A scalable storage solution that replicates data across commodity storage nodes. Ceph was originally developed by one of the founders of DreamHost and is currently used in production there.

Ceph was designed to expose different types of storage interfaces to the end user: it supports object storage, block storage, and file-system interfaces, although the file-system interface is not yet considered production-ready. Ceph supports the same API as swift for object storage and can be used as a backend for cinder block storage as well as backend storage for glance images. Ceph supports “thin provisioning,” implemented using copy-on-write.

This can be useful when booting from volume because a new volume can be provisioned very quickly. Ceph also supports keystone-based authentication (as of version 0.56), so it can be a seamless swap in for the default OpenStack swift implementation.

Ceph’s advantages are that it gives the administrator more fine-grained control over data distribution and replication strategies, enables you to consolidate your object and block storage, enables very fast provisioning of boot-from-volume instances using thin provisioning, and supports a distributed file-system interface, though this interface is not yet recommended for use in production deployment by the Ceph project.

If you want to manage your object and block storage within a single system, or if you want to support fast boot-from-volume, you should consider Ceph.

Gluster

A distributed, shared file system. As of Gluster version 3.3, you can use Gluster to consolidate your object storage and file storage into one unified file and object storage solution, which is called Gluster For OpenStack (GFO). GFO uses a customized version of swift that enables Gluster to be used as the backend storage.

The main reason to use GFO rather than regular swift is if you also want to support a distributed file system, either to support shared storage live migration or to provide it as a separate service to your end users. If you want to manage your object and file storage within a single system, you should consider GFO.

LVM

The Logical Volume Manager is a Linux-based system that provides an abstraction layer on top of physical disks to expose logical volumes to the operating system. The LVM backend implements block storage as LVM logical partitions.

On each host that will house block storage, an administrator must initially create a volume group dedicated to Block Storage volumes. Blocks are created from LVM logical volumes.

NOTE

LVM does not provide any replication. Typically, administrators configure RAID on nodes that use LVM as block storage to protect against failures of individual hard drives. However, RAID does not protect against a failure of the entire host.

ZFS

The Solaris iSCSI driver for OpenStack Block Storage implements blocks as ZFS entities. ZFS is a file system that also has the functionality of a volume manager.
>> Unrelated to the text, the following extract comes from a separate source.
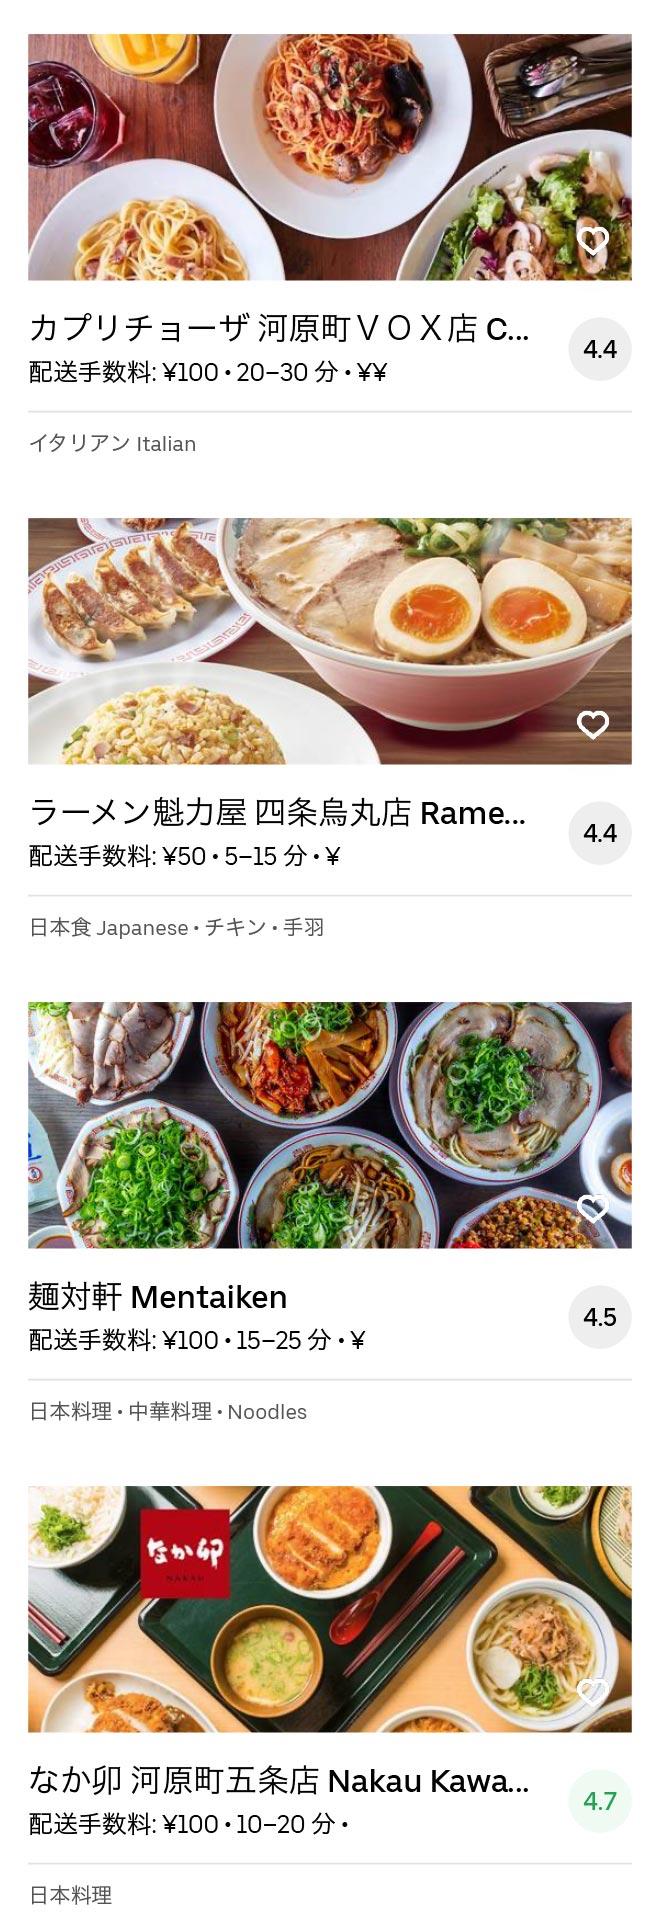 Kyoto karasuma menu 2005 11

This is unlike on a Linux system, where there is a separation of volume manager (LVM) and file system (such as, ext3, ext4, xfs, and btrfs). ZFS has a number of advantages over ext4, including improved data-integrity checking.

The ZFS backend for OpenStack Block Storage supports only Solaris-based systems, such as Illumos. While there is a Linux port of ZFS, it is not included in any of the standard Linux distributions, and it has not been tested with OpenStack Block Storage. As with LVM, ZFS does not provide replication across hosts on its own; you need to add a replication solution on top of ZFS if your cloud needs to be able to handle storage-node failures.

We don’t recommend ZFS unless you have previous experience with deploying it, since the ZFS backend for Block Storage requires a Solaris-based operating system, and we assume that your experience is primarily with Linux-based systems.

Conclusion

We hope that you now have some considerations in mind and questions to ask your future cloud users about their storage use cases. As you can see, your storage decisions will also influence your network design for performance and security needs. Continue with us to make more informed decisions about your OpenStack cloud design.